Webhooks

122 views
Skip to first unread message

Adrián

unread,
Jun 21, 2021, 4:35:13 PM6/21/21
to Web Scraping
Hi guys.

I have multiple projects and I want to run them all in an automated fashion.

I believe for that I need to use webhooks but I'm unsure how to use and set them up.

What I want:
I want to run Project A and when that finishes I want the CSV file to be saved in a folder, automatically, and then run Project B and so on until everything is done and I have all my CSV files.

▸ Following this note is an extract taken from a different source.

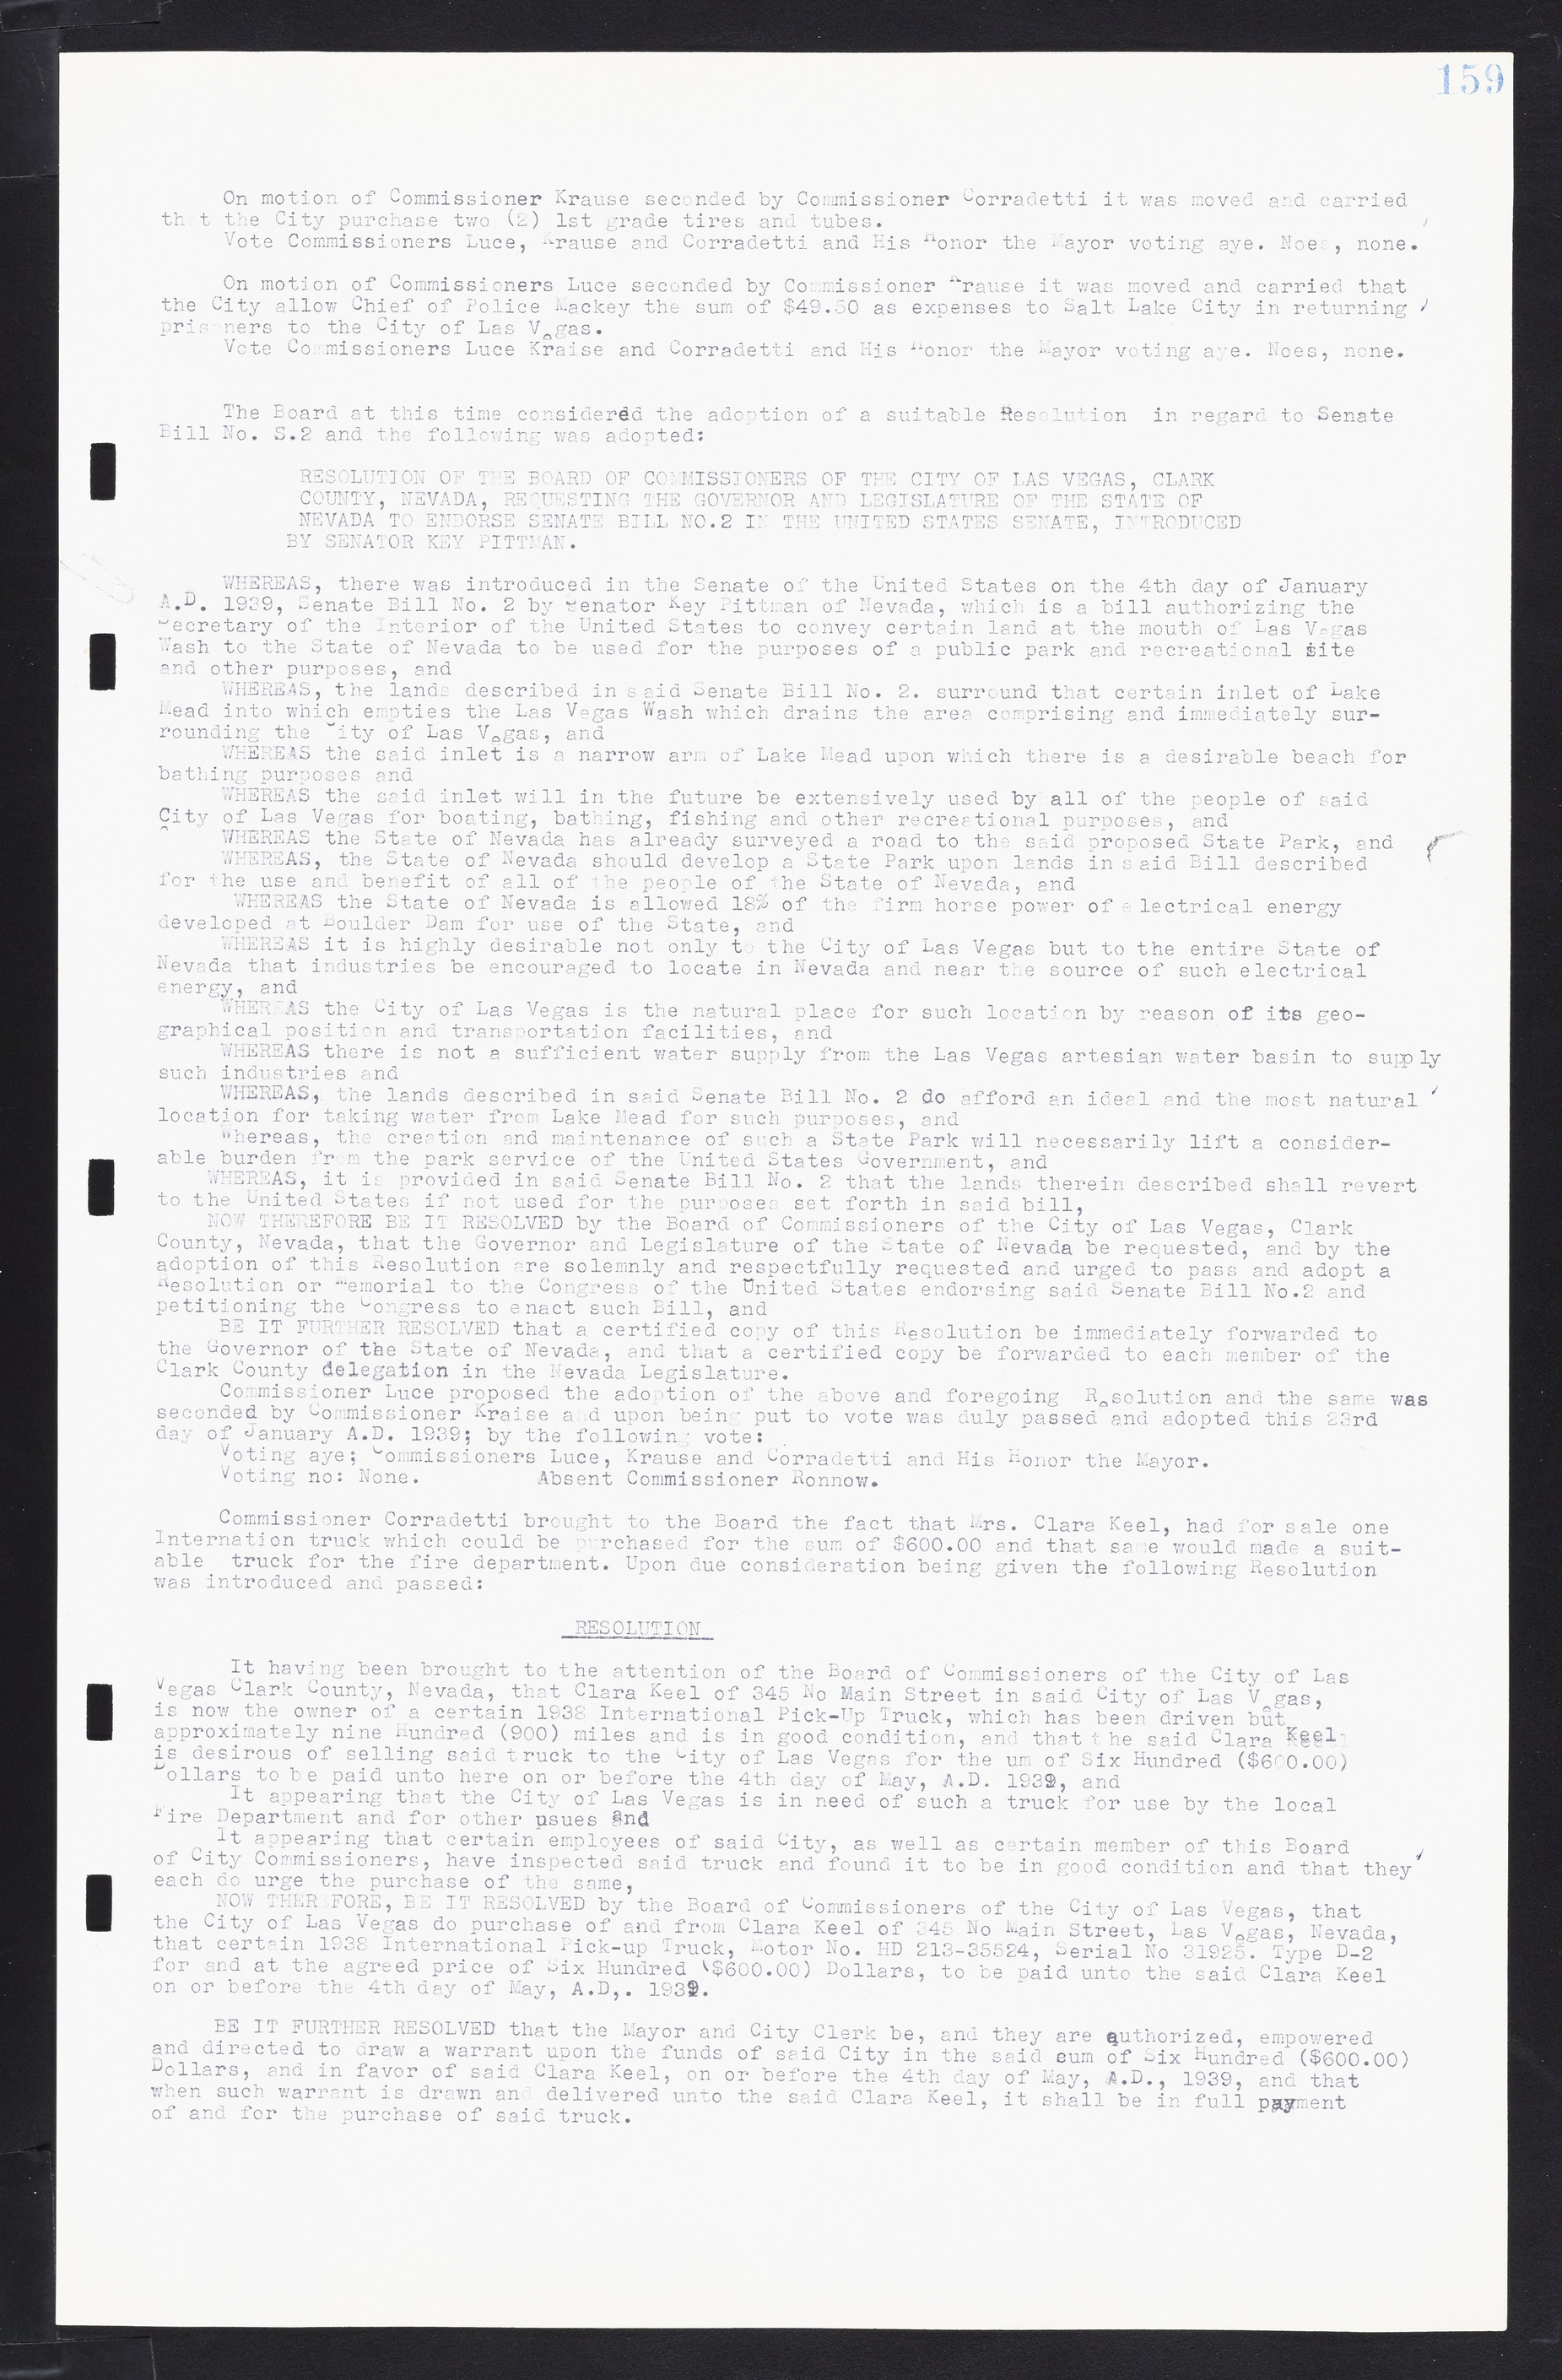 Las Vegas City Commission Minutes, February 17, 1937 to August 4, 1942, lvc000004-175

If I understand correctly I need to set up an account in a web service that can receive the  parsehub_callback I set in the project's webhook field and then, in that app, I would need to tell it to run the next project and so on. Is that correct?
  • And to tell it to run I mean creating a file to do something (php is my preferred language) or setting it up on the built-in app options it might have.
  • I read ParseHub's webhook info but don't get the "local" part of it.
  • I found pipedream as an app to achieve that but I'm overwhelmed by all it's options and functions, nor can I tell if it's got what I need.
    • By following these last two points I would need to write this on the first project's webhook field: https://my_unique_pipedream_url:5000/parsehub_callback, correct?
    • Should I write in this app file or built-in option that I want that run to be saved as a CSV file and then to go for the next? If so, how do I tell it to go for the next?
Thank you,
Adrián.

Andrew11

unread,
Jun 21, 2021, 5:17:04 PM6/21/21
to Web Scraping
You might consider Parabola, although it isn't free:
I'm not sure even Ben can help you with the homegrown way of setting this up (he's the ParseHub QA engineer that shows up here).

Andrew11

unread,
Jun 21, 2021, 5:20:03 PM6/21/21
to Web Scraping
See also https://parabola.io/product-overview/updating-and-running-your-flow

On Monday, June 21, 2021 at 1:35:13 PM UTC-7 Adrián wrote:

Adrián

unread,
Jun 23, 2021, 11:11:27 AM6/23/21
to Web Scraping
Hi Andrew.
I do intend to keep things in a free version for now.

I can also consider using the API, a custom .php file and databases too.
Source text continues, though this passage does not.